• [Work instruction]
Where a picture appears in the data below, exclude it; restate everything else word for word.

• [Provided data]
------------------------------------

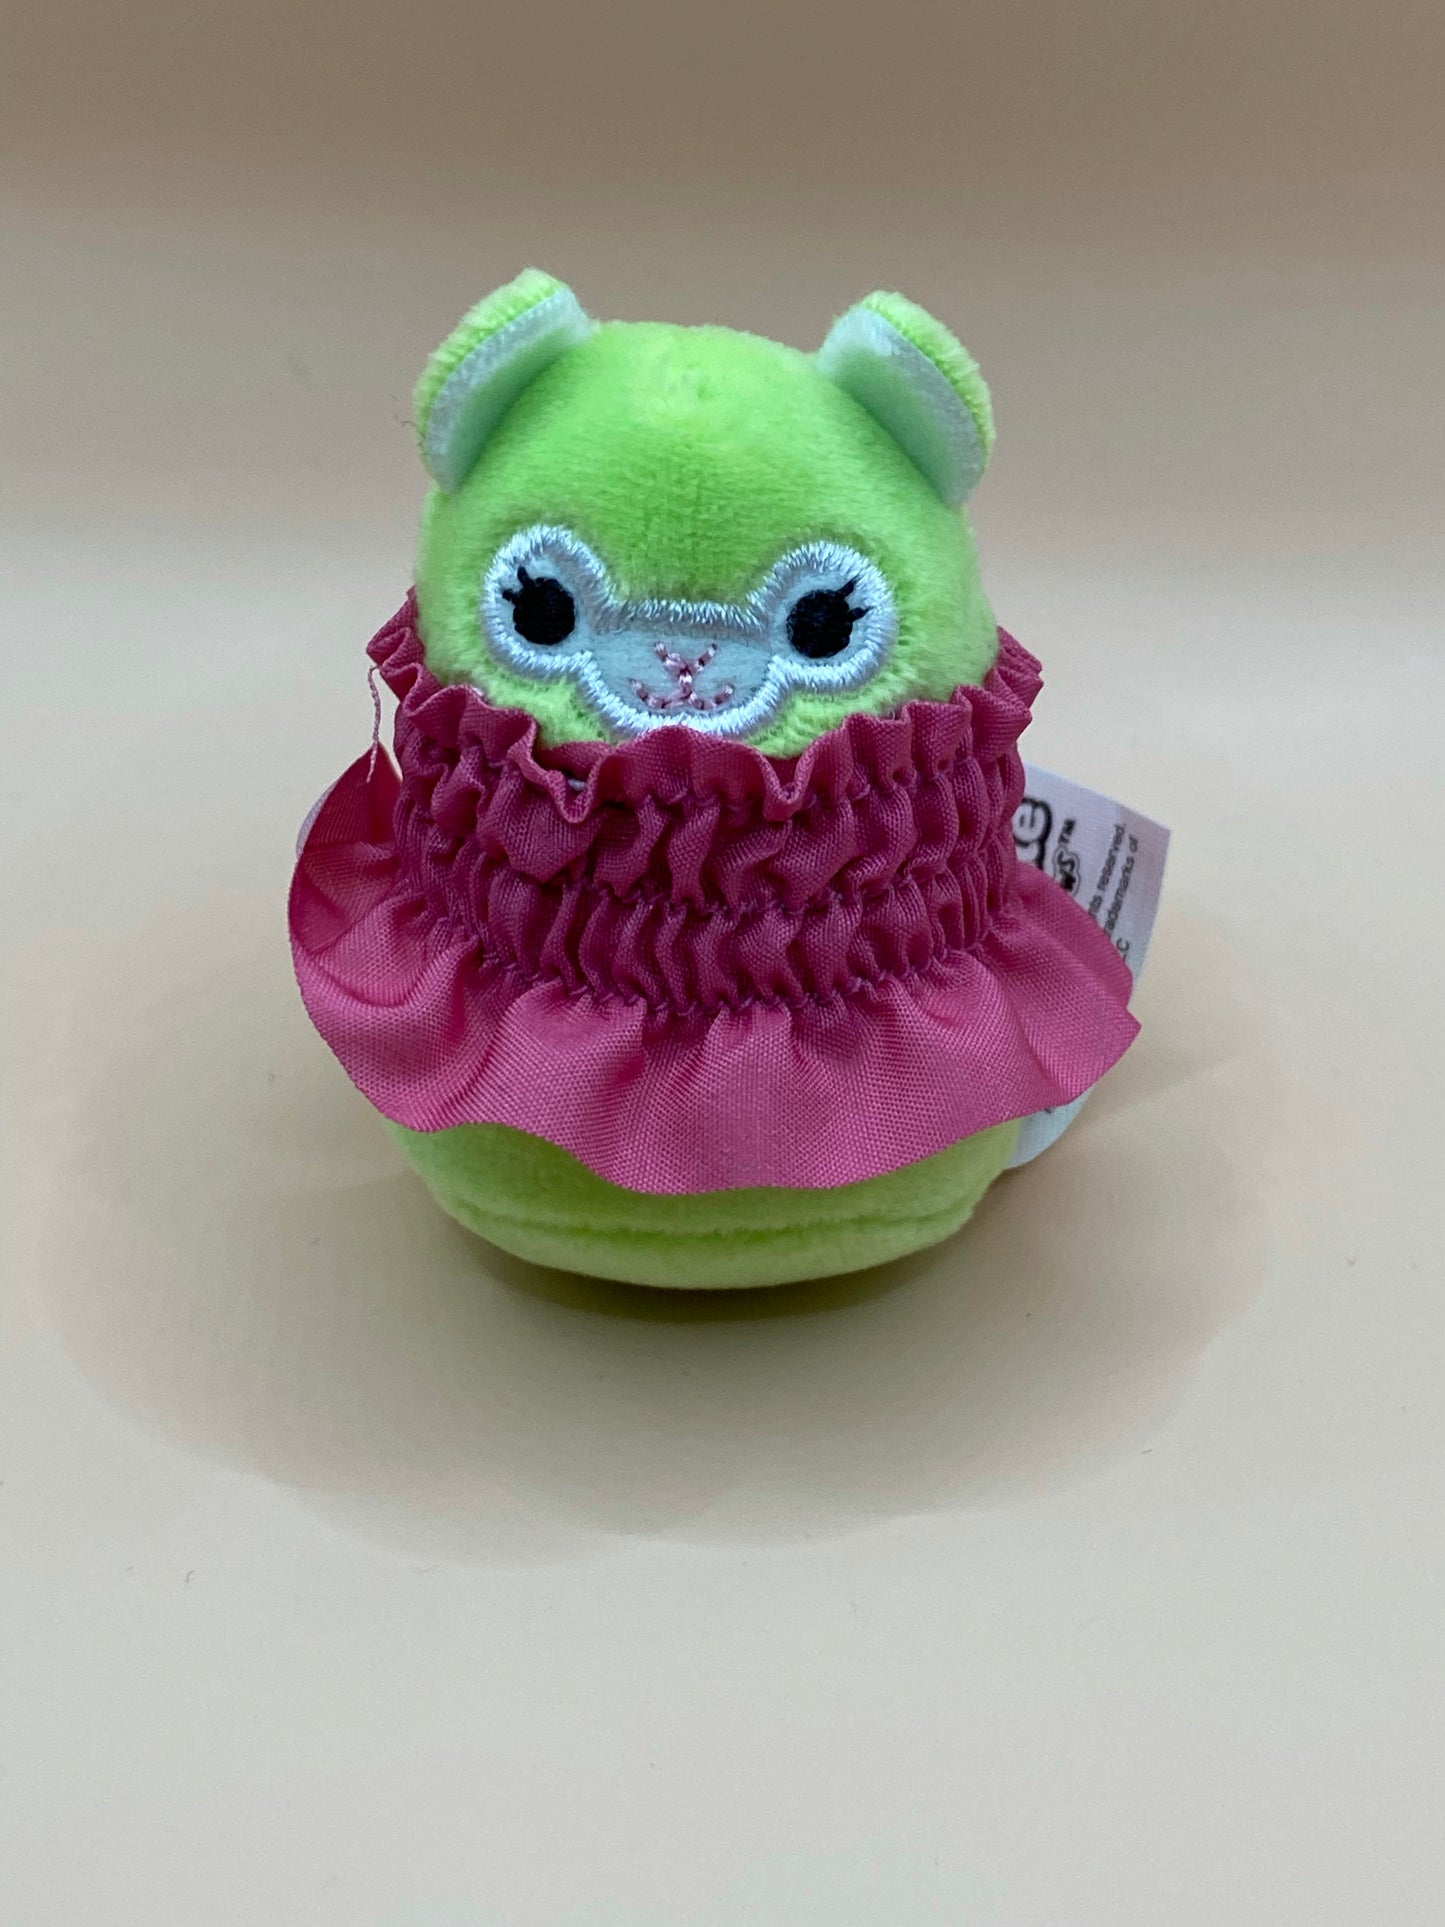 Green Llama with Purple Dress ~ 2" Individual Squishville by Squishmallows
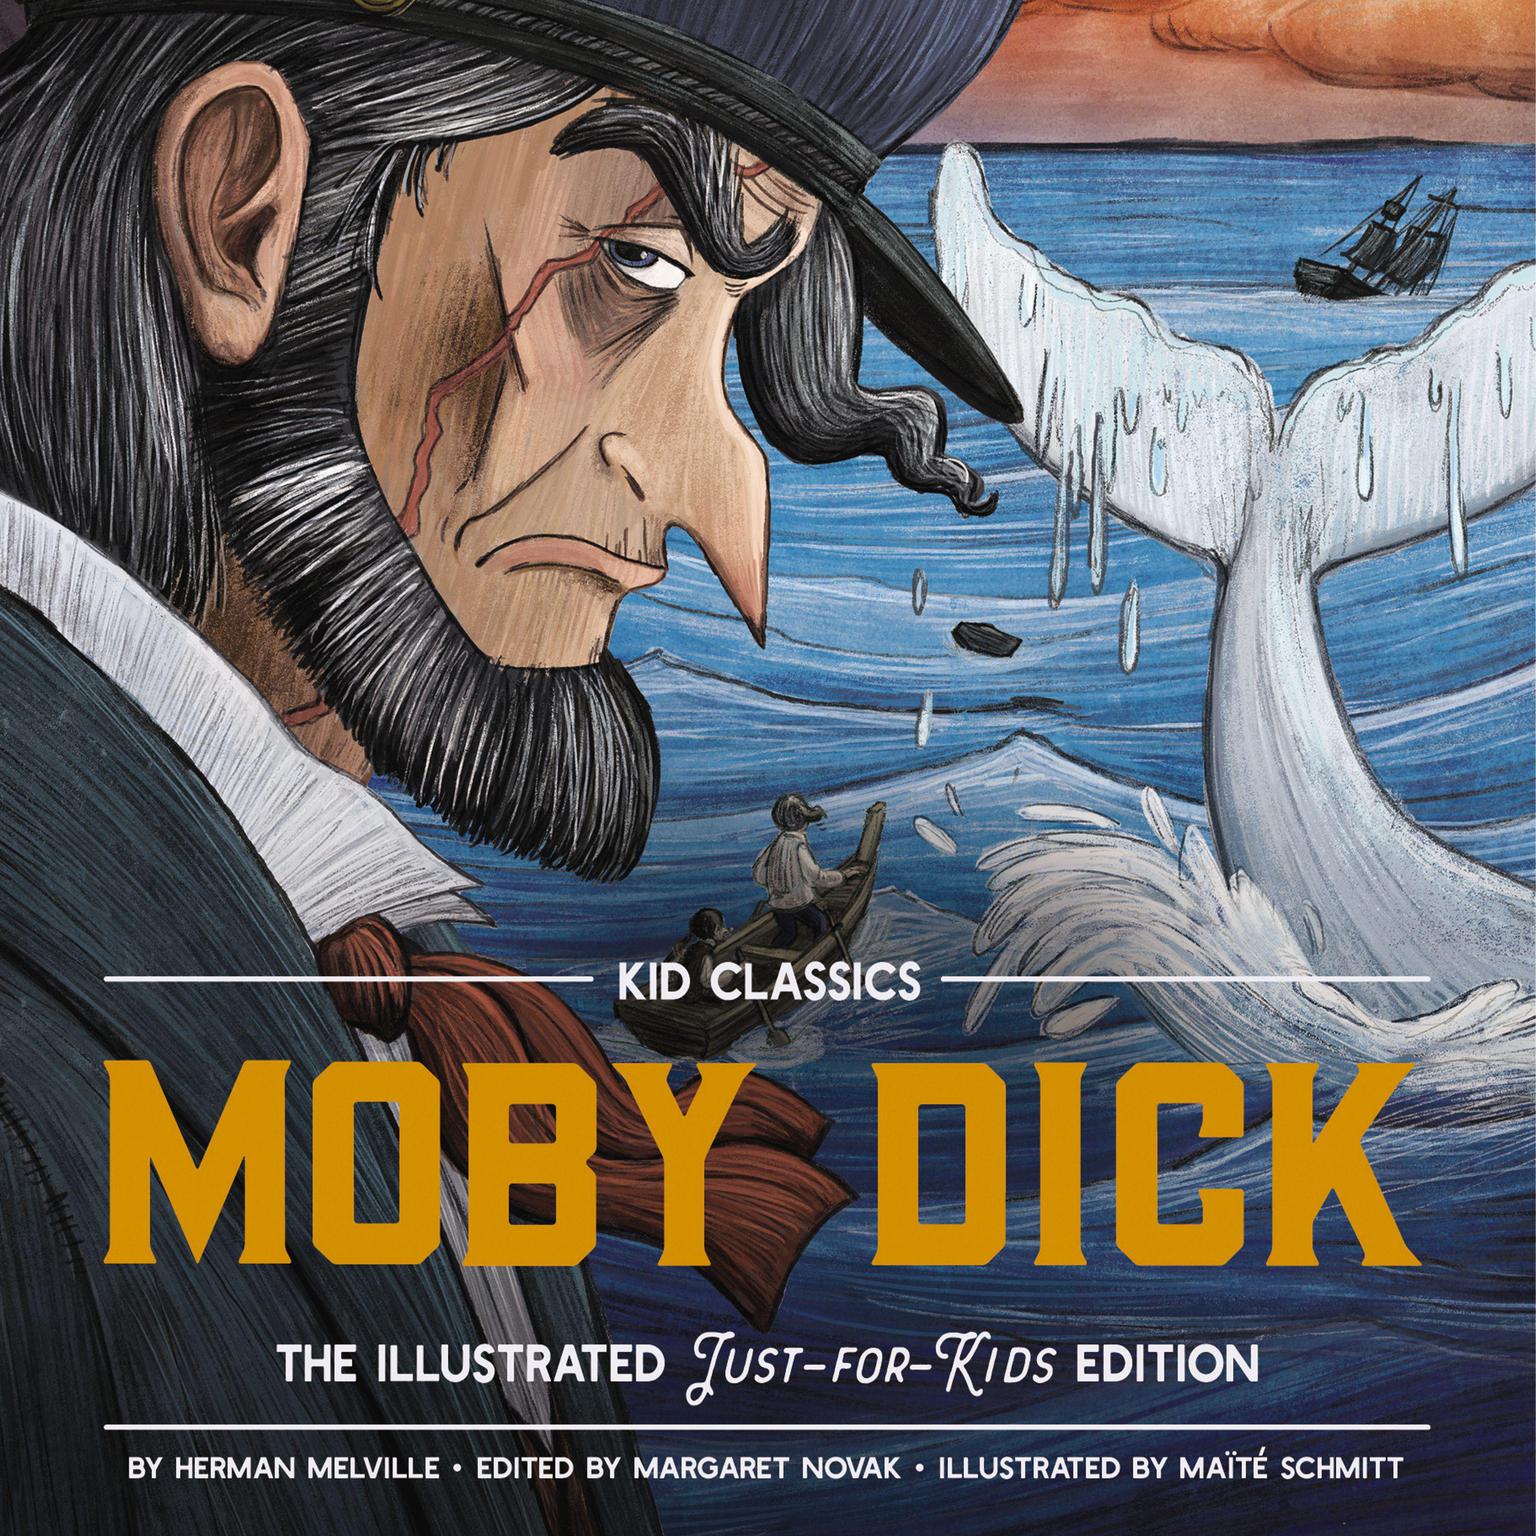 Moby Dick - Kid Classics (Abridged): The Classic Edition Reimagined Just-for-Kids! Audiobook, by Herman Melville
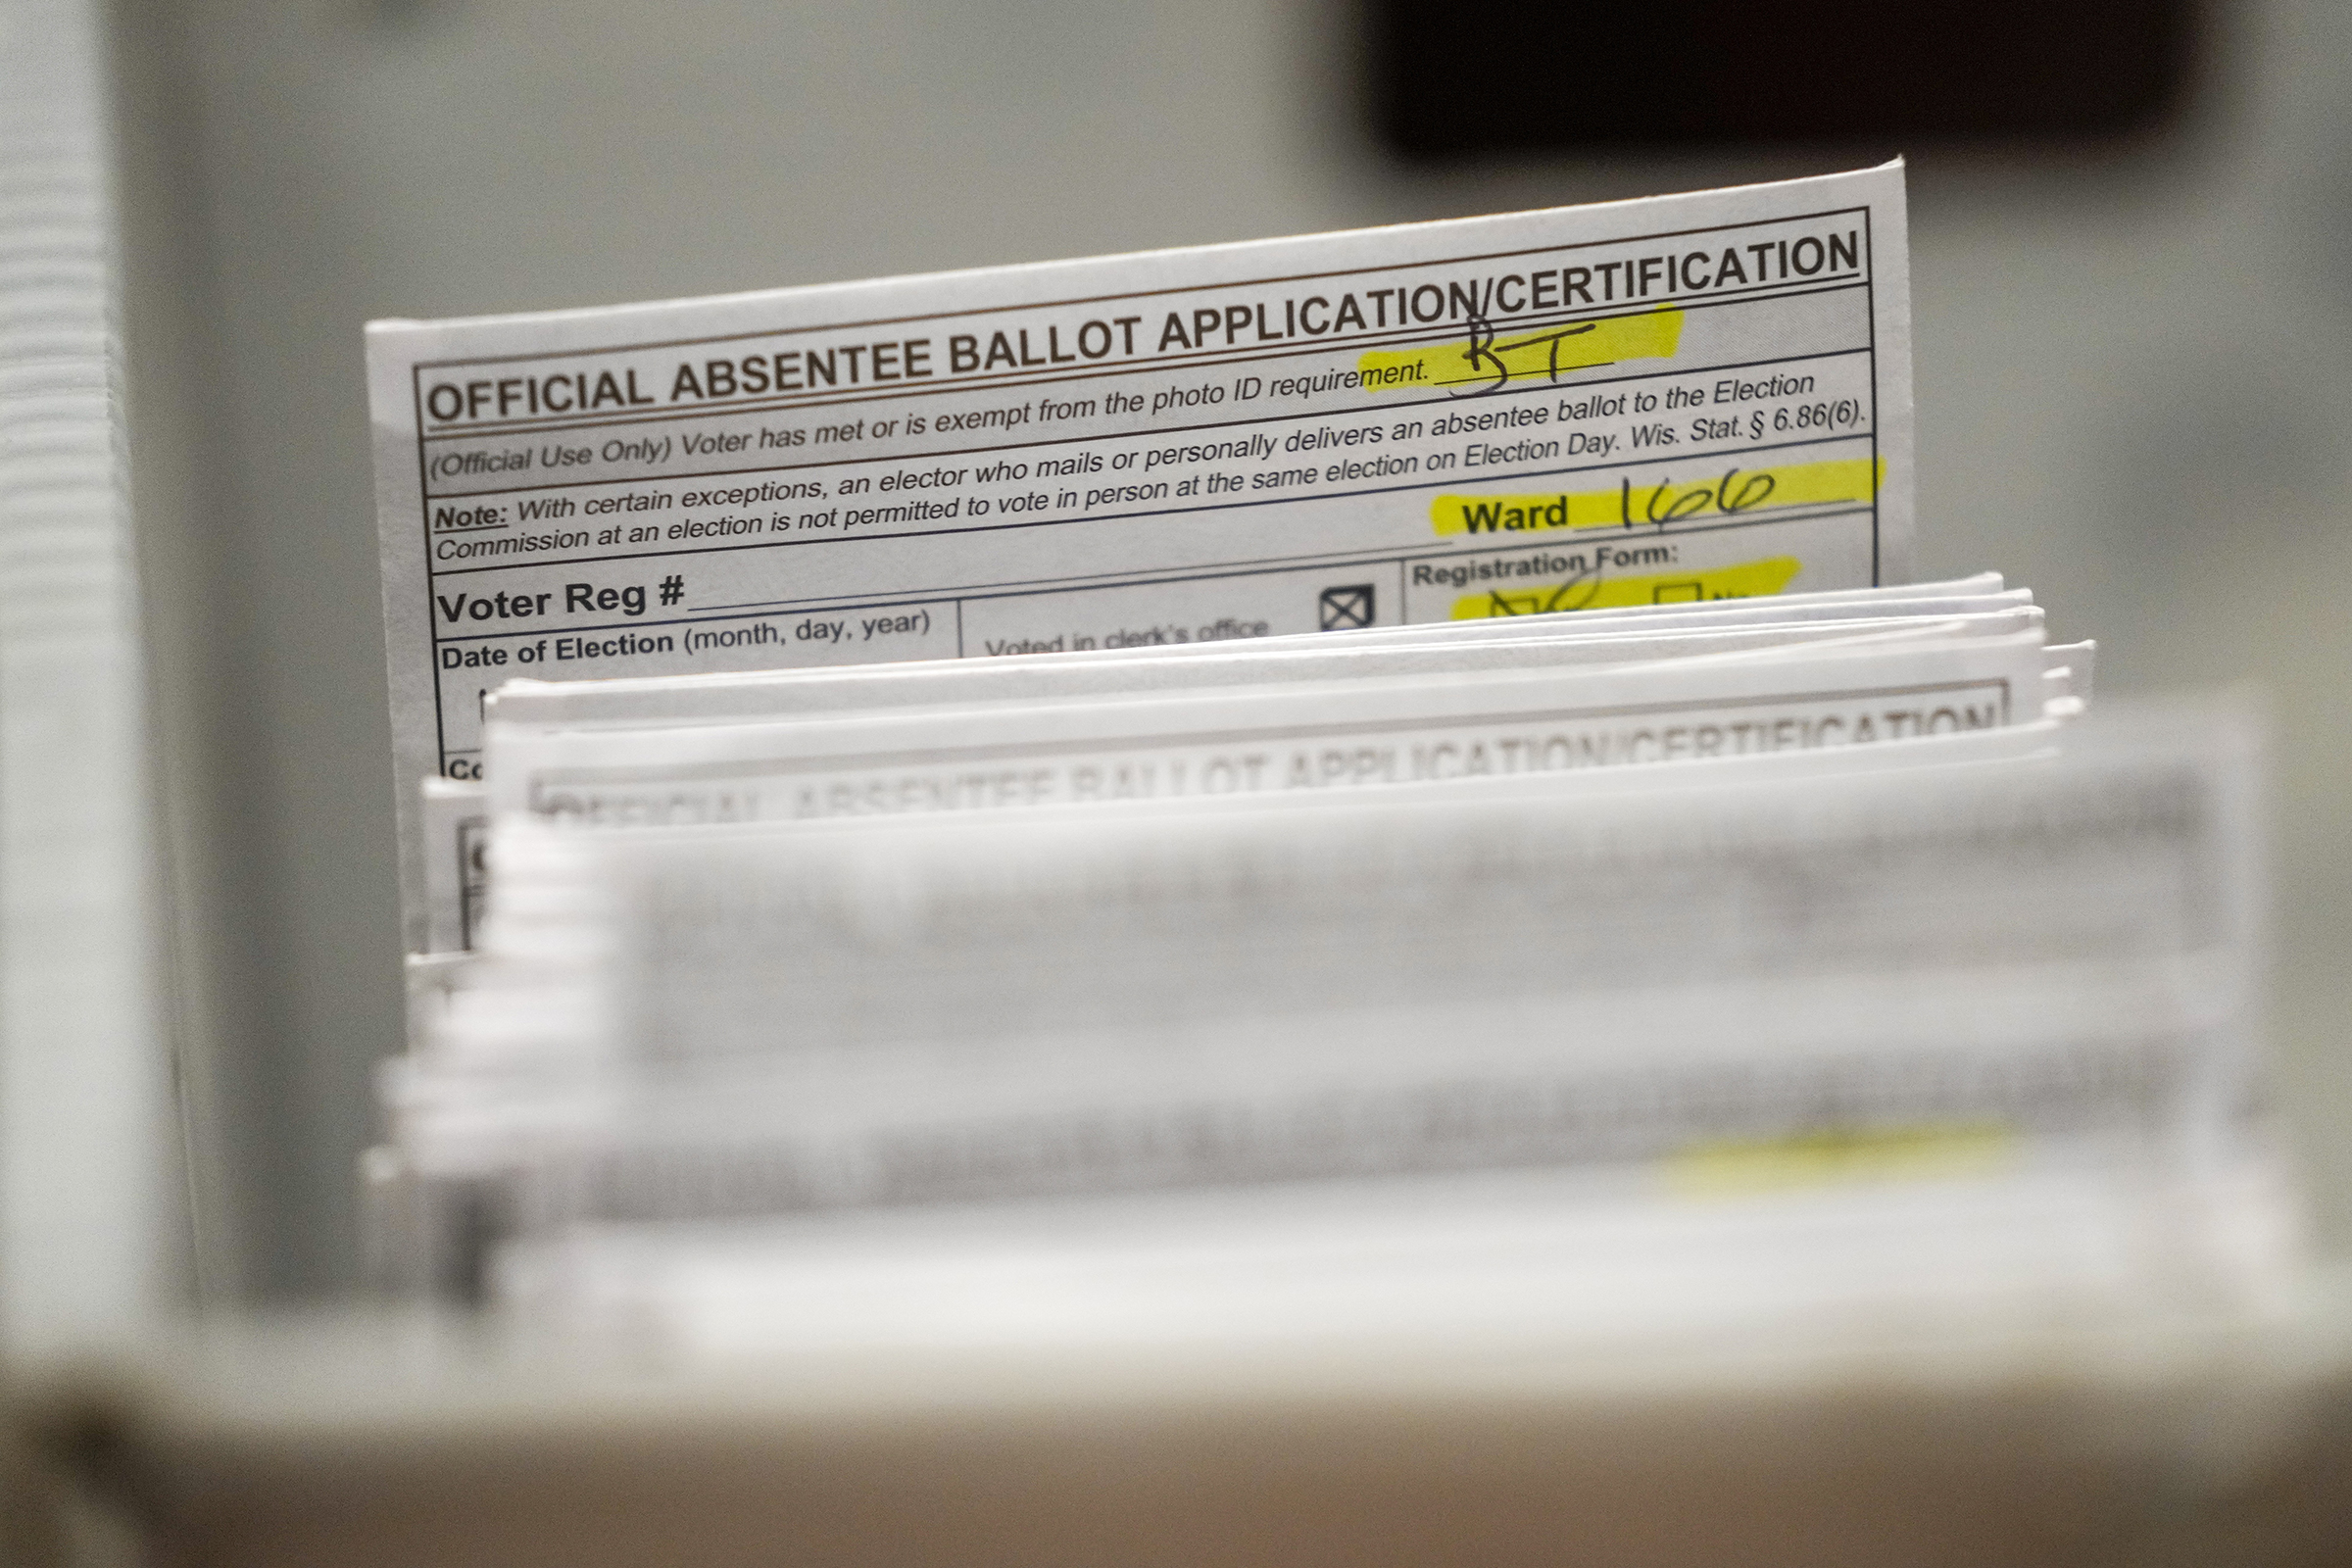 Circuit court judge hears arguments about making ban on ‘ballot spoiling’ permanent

------------------------------------

• [Solution]
 Green Llama with Purple Dress ~ 2" Individual Squishville by Squishmallows
 Moby Dick - Kid Classics (Abridged): The Classic Edition Reimagined Just-for-Kids! Audiobook, by Herman Melville
 Circuit court judge hears arguments about making ban on ‘ballot spoiling’ permanent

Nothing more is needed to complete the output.